Not to mention, Klingberg is motivated. Very motivated. A one-year deal represents a gamble on the player's part in any case, but even more so when it comes to Klingberg, who spoke on Monday like a player dead-set on proving those who overlooked him wrong. 

There's a good chance he does that. 

Klingberg is now arguably the best defender on the Ducks' roster at the moment and will almost certainly be treated to a workload that either matches or exceeds his career average of roughly 22 minutes per night. 

With the likes of Kevin Shattenkirk, Cam Fowler, and young phenom Jamie Drysdale all able to play the right side to varying degrees of efficiency, the Ducks have the ability to craft Klingberg's usage in a way that maximizes his talents, feeding him a steady helping of offensive zone starts along with a role as the primary puck-mover on the top power-play unit. 

Offensively, that should give Klingberg the means to rack up numbers that make him catnip in the eyes of the rival GMs as he re-enters the market next summer. 

But money was never an issue, really. Klingberg was always going to rake in the dough from an AAV standpoint, and, despite misjudging the market this year, still ended up becoming the highest-paid blueliner in the Ducks organization. 

What Klingberg really wants, in his own words, is term. And the question now becomes whether a 60-point season or something in that range, will put him in line to finally get it. 

Honestly, probably not. 

For as effective as Klingberg is on the offensive side of the puck, his defensive deficiencies simply cannot be ignored. In fact, Klingberg rates as one of the worst defenders at his position in his own zone, finishing in the bottom-two percentile in even-strength defense last season according to data from TopDown Hockey. His underlying numbers are still positive, at least, with Klingberg posting expected-goal and scoring chance shares of 50.73 percent and 51.99 percent at five-on-five, respectively. But for a player with his workload and offensive production, those results really should be much higher. 

What those totals do, actually, is sum Klingberg up to a tee: A player whose offensive prowess is potent enough to compensate for his defensive lapses -- albeit just barely. 

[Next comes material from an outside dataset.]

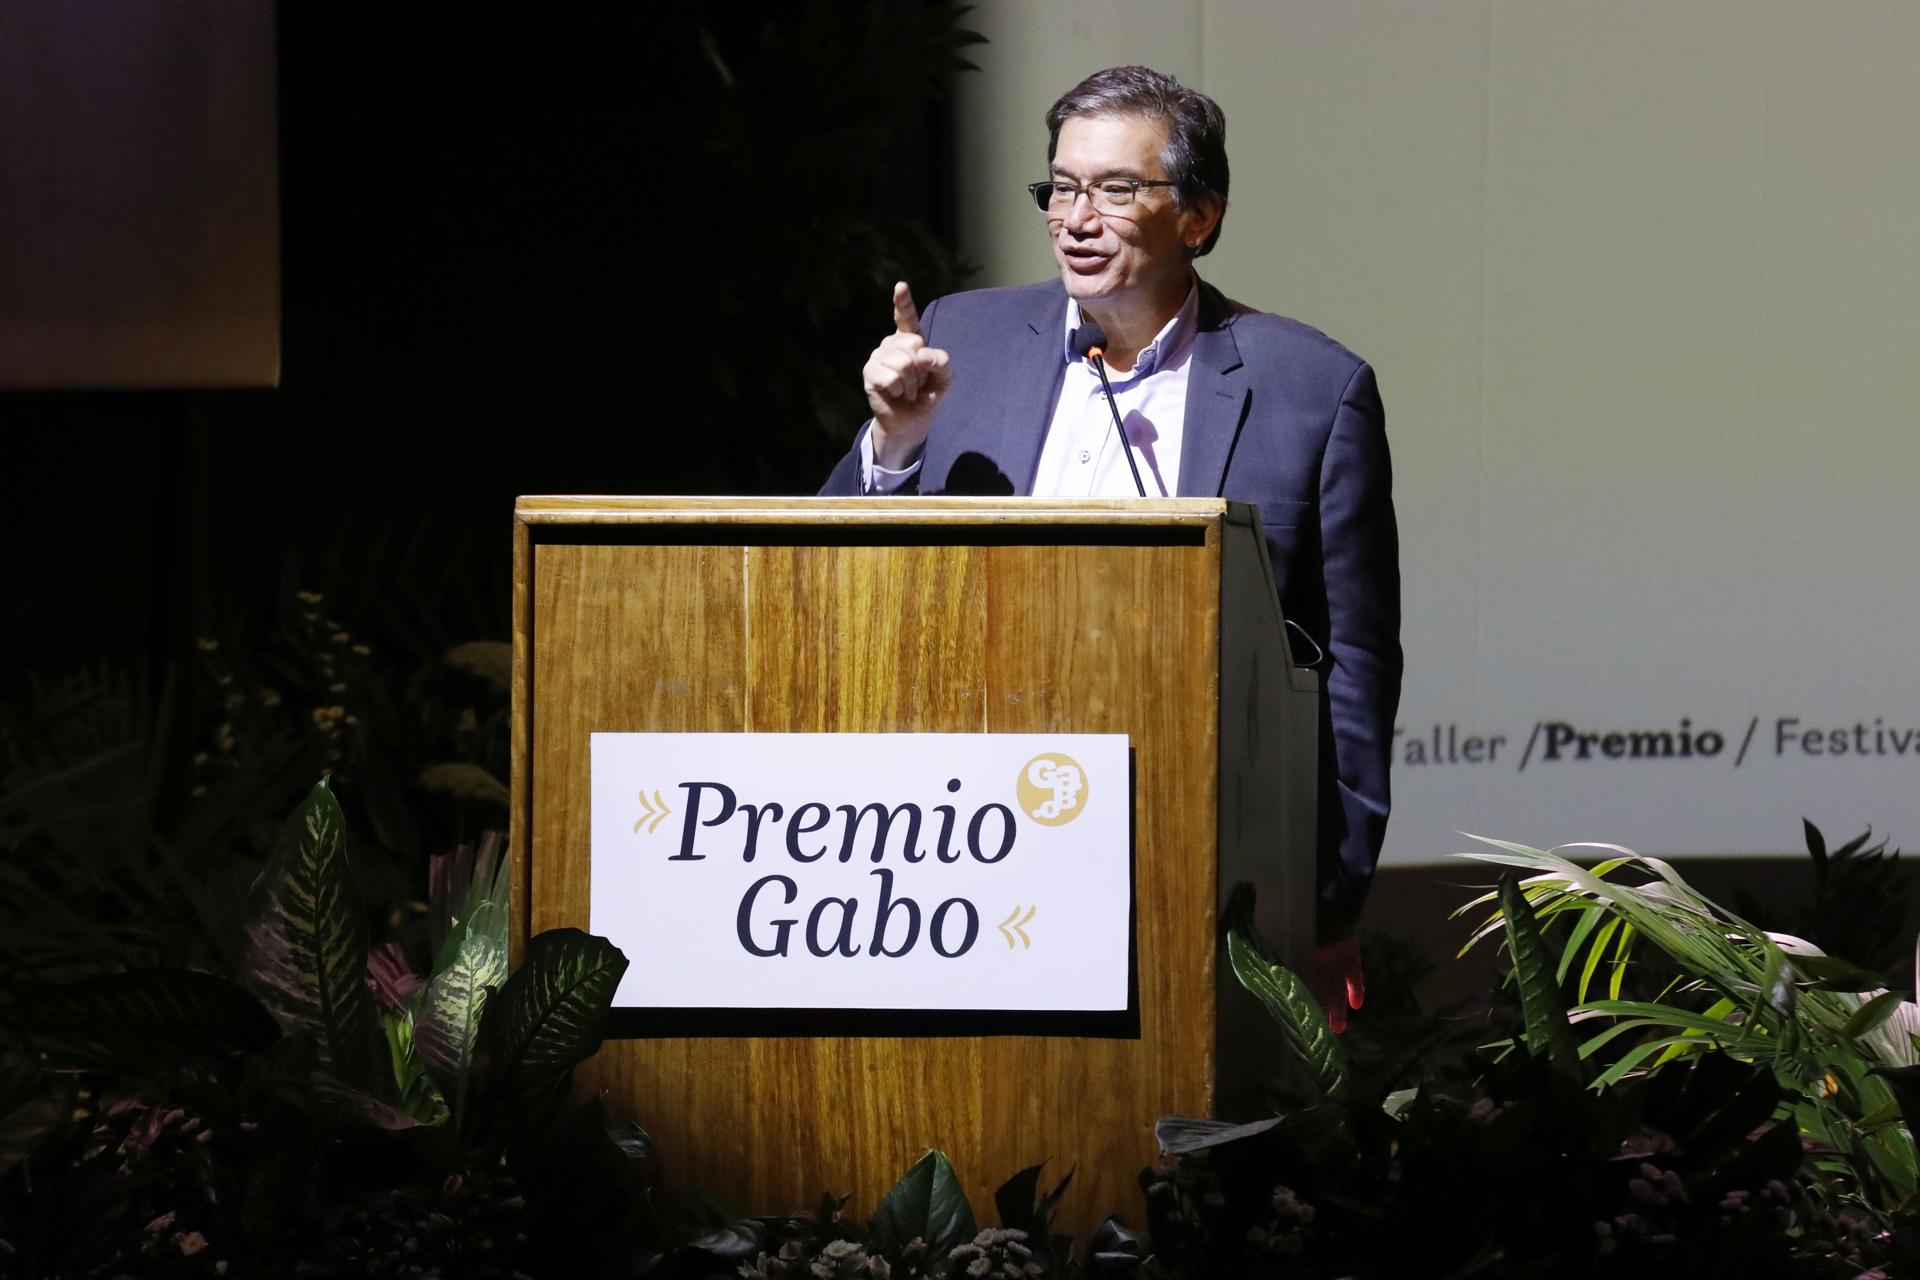 Trabajos periodísticos venezolanos, entre los 50 nominados al Premio Gabo

And then there's the matter of age, which is perhaps the most damning factor working against Klingberg's case for a long-term deal. 

Klingberg will be 31 by the time he's slated to hit the open market in July of 2023, placing him on the wrong end of the average NHL aging curve. It's not impossible for a defender to carve out a late-career resurgence, sure. We've seen them before. But those instances are more exceptions as opposed to the rule. 

If no team was willing to hand Klingberg a seven-year deal this summer, what makes him think they'll do so when he's another year older? 

"I mean, it's probably part of the plan but I'm not going to look too far ahead," said Klingberg on his desire to sign long-term when his current deal expires. 

"Obviously, I want to get a long term at the end of the day. Right now, I'm signing one year with Anaheim and we're going to have to take it from there. I can't focus on what's going to be there in one year. I'm going to need to have a good season and the team is going to need to have a good season as well. I think if the team is successful, I'm going to be successful."

That dedication to the present will serve Klingberg well as he embarks upon the most important season of his career. But the risk remains. And even in the event of a personal-best performance, there's no guarantee that what Klingberg is searching for will be waiting for him on the other side.